Further reflection on the "star optional after a GCS character" issue on the
XRI Editor's SC call yesterday has produced two additional perspectives I
believe may be helpful. Since I'll be on the road for tomorrow's XRI
Editor's SC call, I'll post these thoughts here so folks can review them
before the call.

The first perspective is based on overall treatment of null segments in XRI
syntax; the second based on overall treatment of first subsegments.

OVERALL TREATMENT OF NULL SUBSEGMENTS

So far in XRI 1.1 we've made three decisions relative to null subsegments:

1) Generic XRI syntax should allow null subsegments, for the same reasons
that RFC2396bis does (and because they are required by at least one XRI
application, XDI.)

2) The XRI authority portion of an XRI, where we have an interest in tighter
syntactic rules in order to support reliable XRI resolution, should as a
rule not allow null subsegments.

3) The one exception is null subsegments after a GCS character in order to
allow a persistent subsegment delimiter ("!") to follow a GCS character.
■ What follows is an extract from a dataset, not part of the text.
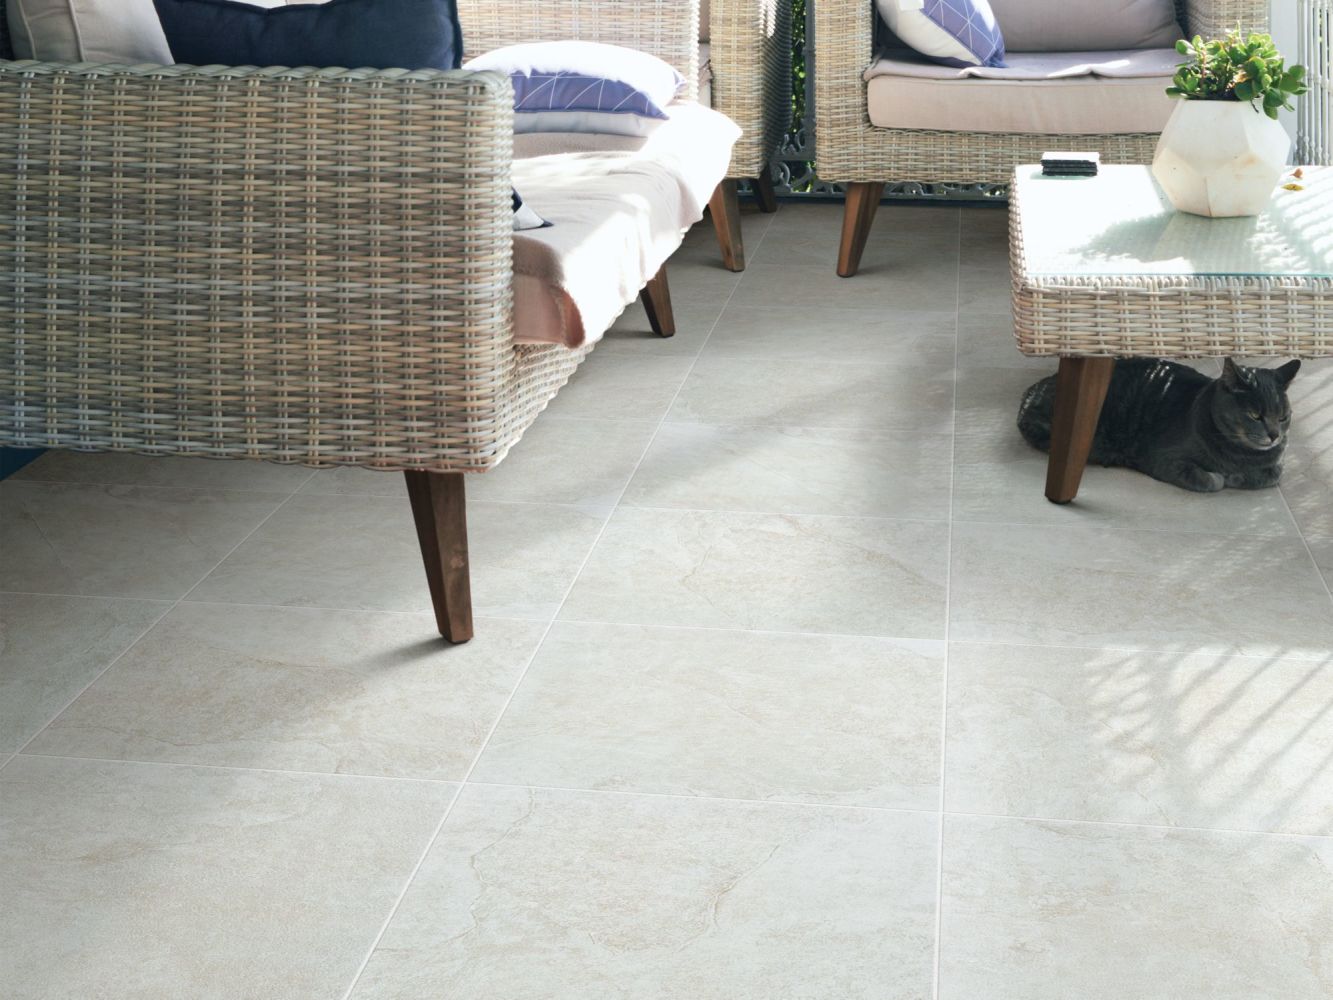 Shaw Floors Ceramic Solutions Crown 12×24 White 00100_226TS

It is #3 that leads to the issue we are discussing, namely: should we also
allow a * null subsegment after a GCS character, and if so, what does it
mean?

The perspective that comes from looking at the overall issue of null
subsegment significance in XRIs is this: from the standpoint of generic XRI
syntax, a null subsegment MUST be treated as significant in an XRI path,
because applications like XDI are counting on this behavior. For example,
the following two XRIs MUST NOT be considered equivalent:

@foo/bar
@foo/*bar

In XDI, these would address completely different resources. Thus the
significance of the star as a null subsegment delimiter is critical to XDI
addressing.

It would be consistent with this rule to say the presence of a null
subsegment in an XRI authority MUST also be treated as significant. This is
also consistent with rule #2 above about why we do not allow null
subsegments in an XRI (because if they were present they would be
significant.)

The logical conclusion is that if we allow null subsegments after a GCS
character before a * delimiter, the null subsegment MUST be considered
significant. That would mean that the following would not be equivalent:

@foo
@*foo

However we were in a agreement on yesterday's call that if @*foo were
allowed, it should be equivalent to @foo.
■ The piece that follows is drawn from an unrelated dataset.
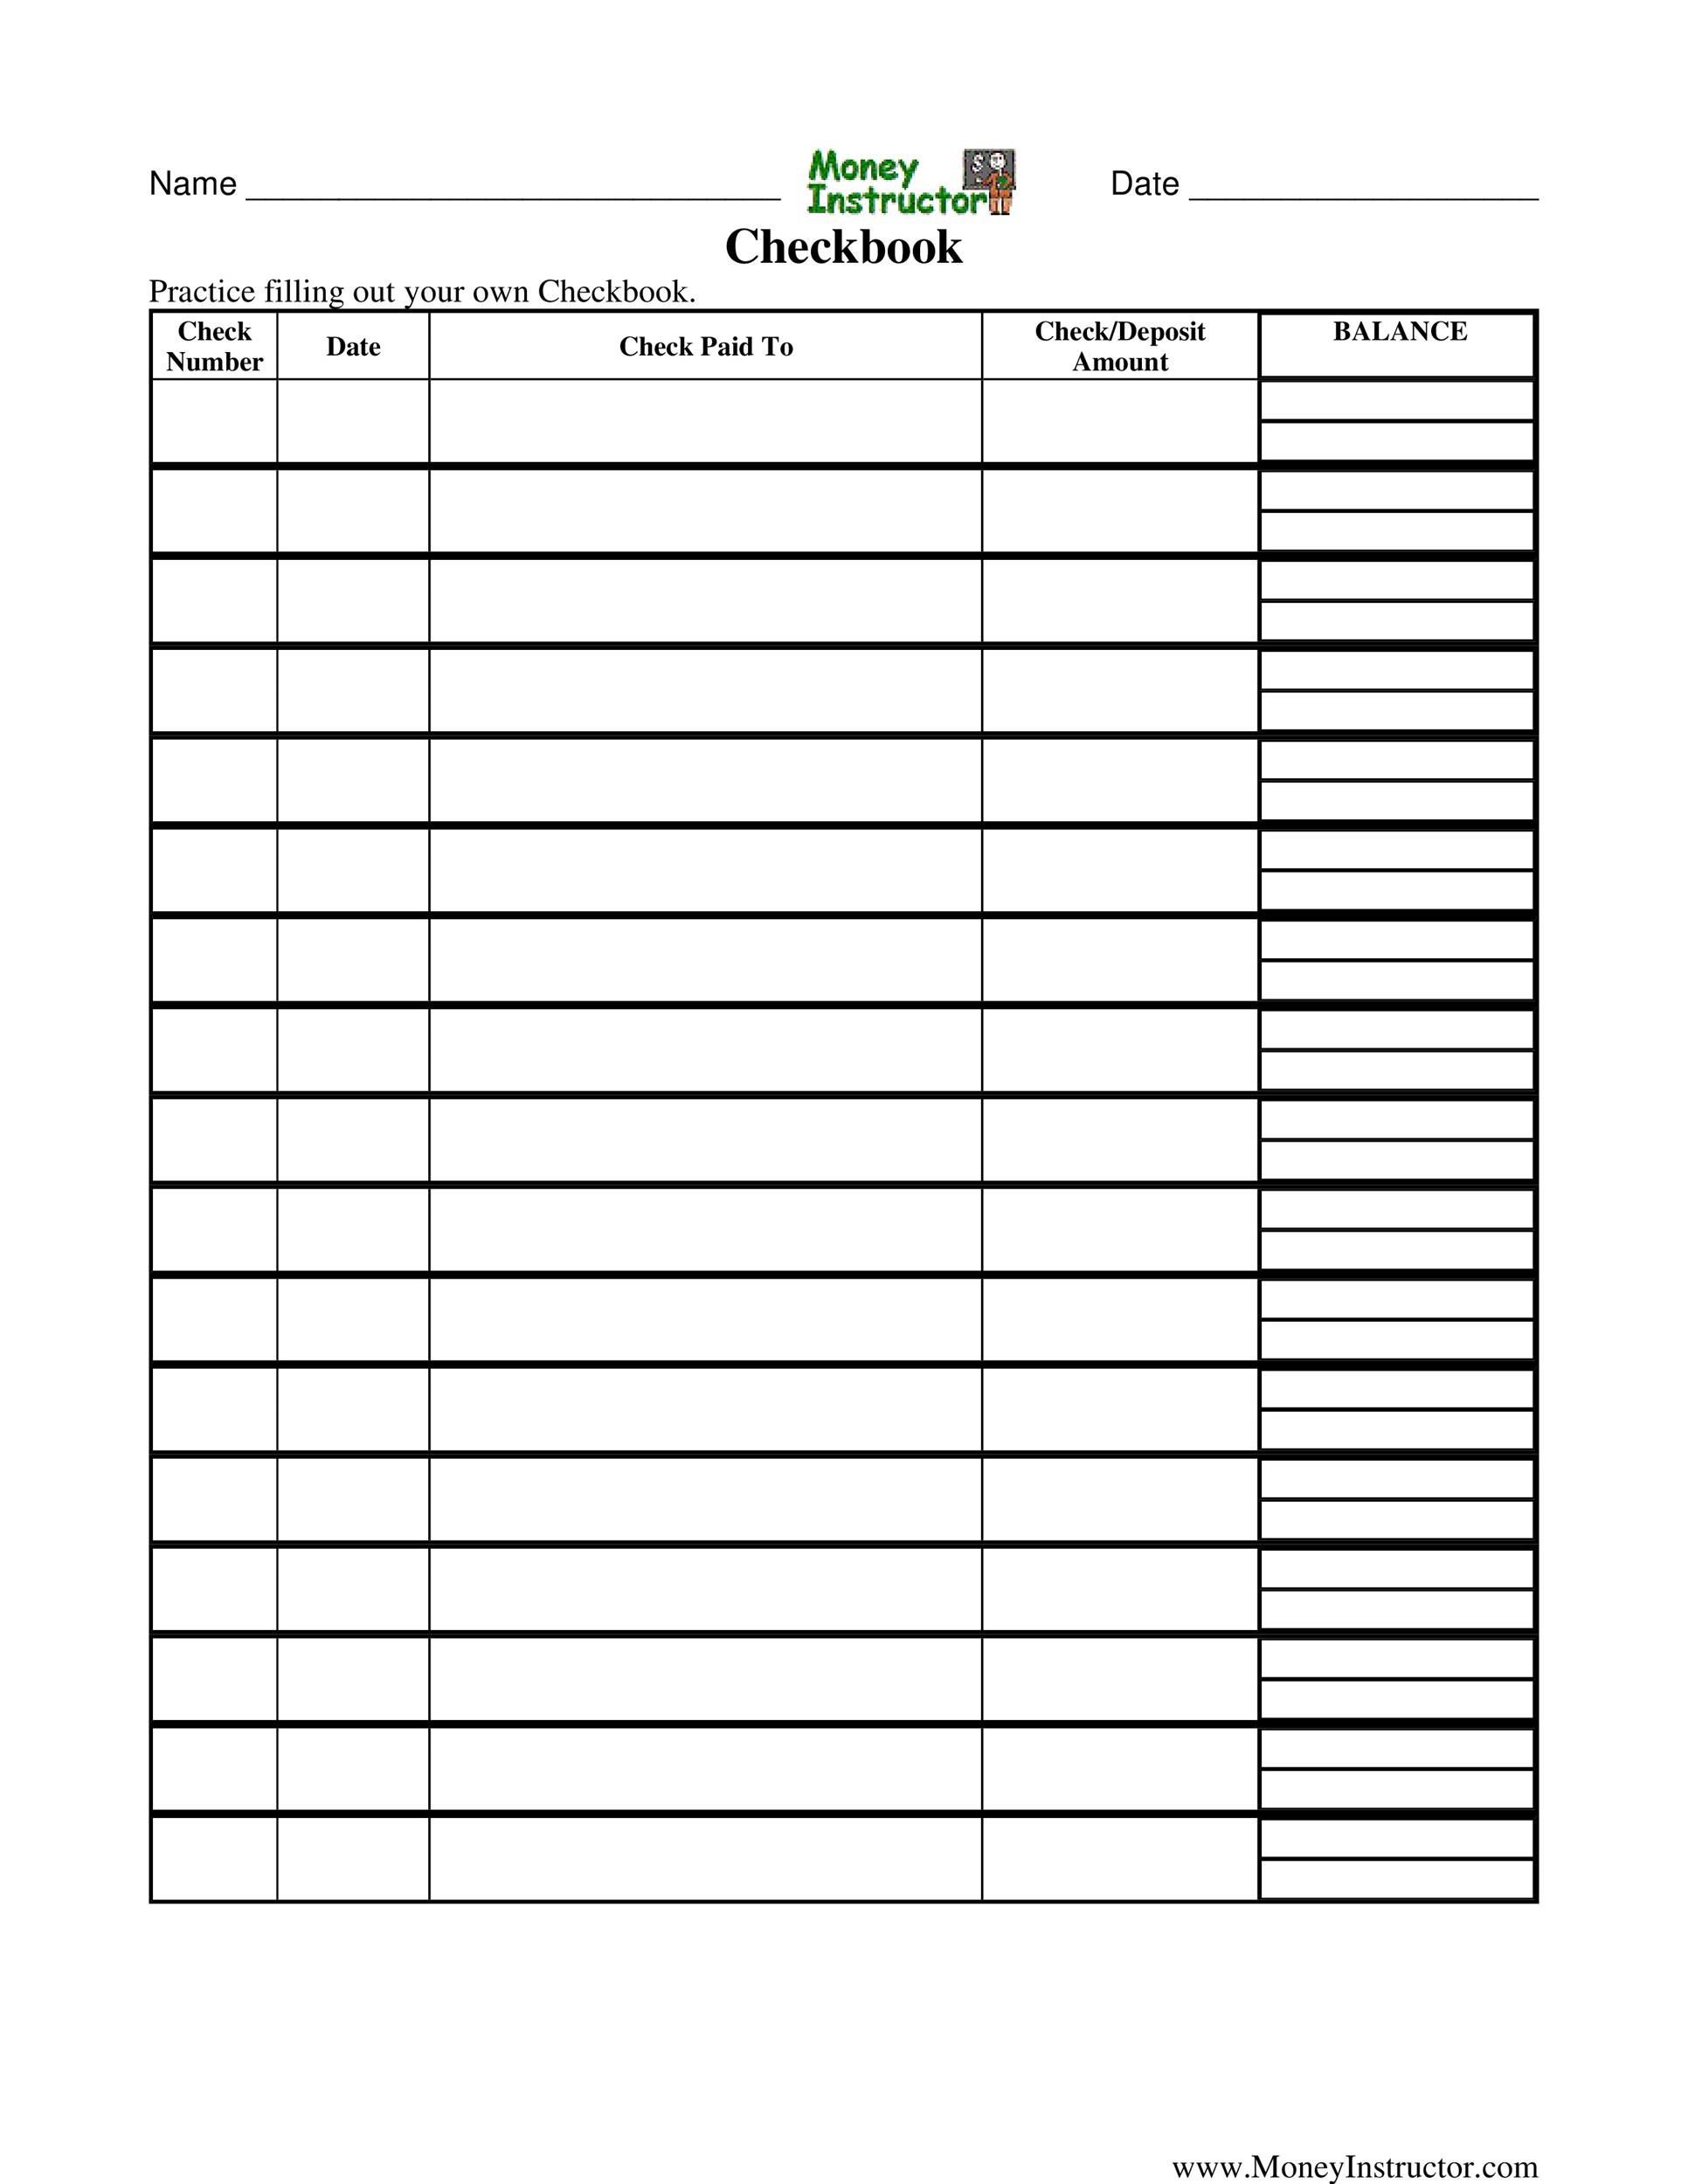 39 Checkbook Register Templates 100% Free Printable ᐅ TemplateLab

OVERALL TREATMENT OF FIRST SUBSEGMENTS

A second perspective on this issue comes from the overall XRI treatment of
first subsegments. In XRI 1.0, we defined that the first subsegment in a
segment was reassignable by default if it was not preceeded by a persistent
subsegment delimiter, because that's the way URIs and file paths and many
other path-based addressing systems already worked. So in "/foo/bar", "foo"
and "bar" were both reassignable by definition.

We applied the same rule to GCS characters for the same reason: it made them
as simple and human-friendly as possible, and the behavior was consistent
with "//" in URI authorities.

Conclusion: since the rule for ALL segments in an XRI is that the first
subsegment is reassignable unless preceeded by a persistent subsegment
delimiter, there is no need to add a * to indicate reassignability.